- Flag Coat of arms
- Bágyogszovát Location within Hungary
- Coordinates: 47°35′22″N 17°21′37″E﻿ / ﻿47.5895°N 17.3604°E
- Country: Hungary
- County: Győr-Moson-Sopron County

Area
- • Total: 24.06 km^{2} (9.29 sq mi)

Population (2012)
- • Total: 1,284
- Postal code: 9145
- Area code: 96
- Motorways: M85
- Distance from Budapest: 154 km (96 mi) East

= Bágyogszovát =

Bágyogszovát is a municipality in Győr-Moson-Sopron county, Hungary.
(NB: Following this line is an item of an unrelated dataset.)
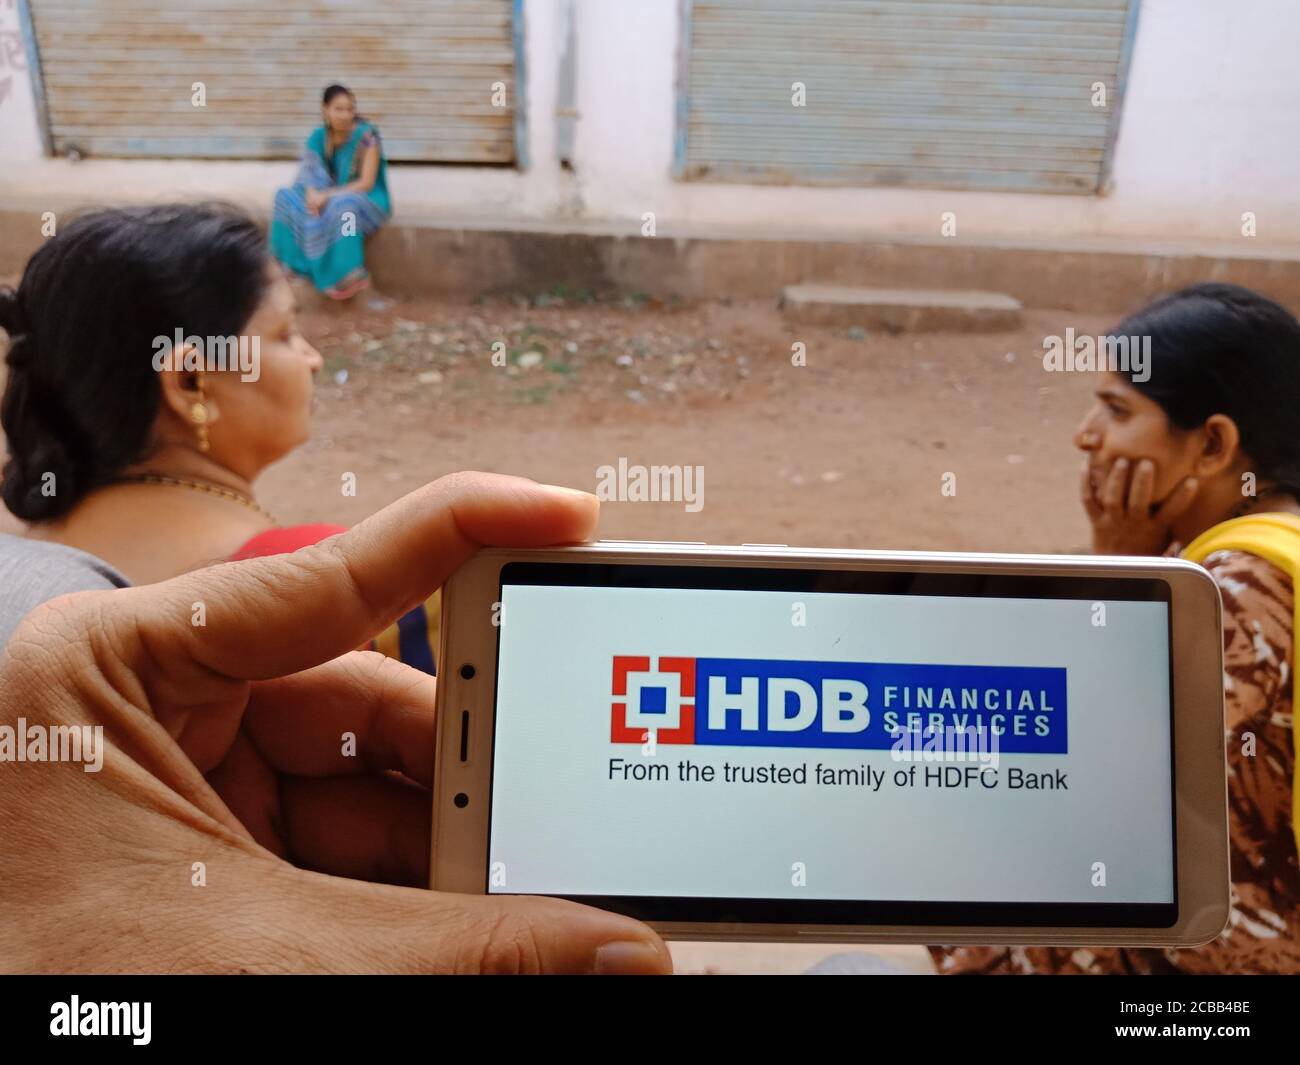 DISTRETTO KATNI, INDIA - 02 GIUGNO 2020: Una donna indiana che tiene uno smartphone con visualizzazione HDB Financial Services logo sullo schermo, moderno educa bancario Foto Stock

It is in the north-western region, 35 kilometers from Győr, in the direction of Sopron.

== History ==
The first known written records of Bágyogszovát are from the 13th century. According to those documents, the first part of the village was founded in 1224, and was named Zooac. This name was changed to Szovát during later centuries.

The village was the property of the bishop of Győr for more than five centuries. The other part of the village, Bágyog was founded later, but the exact date is not known. It was originally called Baguc. The two parts of the village were joined soon after World War II creating Bágyogszovát.

== Traffic ==
Bágyogszovát is near Route 85, the main route of the county.

The 7059 bus connects Bágyogszovát to Györ, while the 7110 bus connects Bágyogszovát to Csorna.

In 2024, a new roundabout was completed in Bágyogszovát at the cemetery of Szovát village.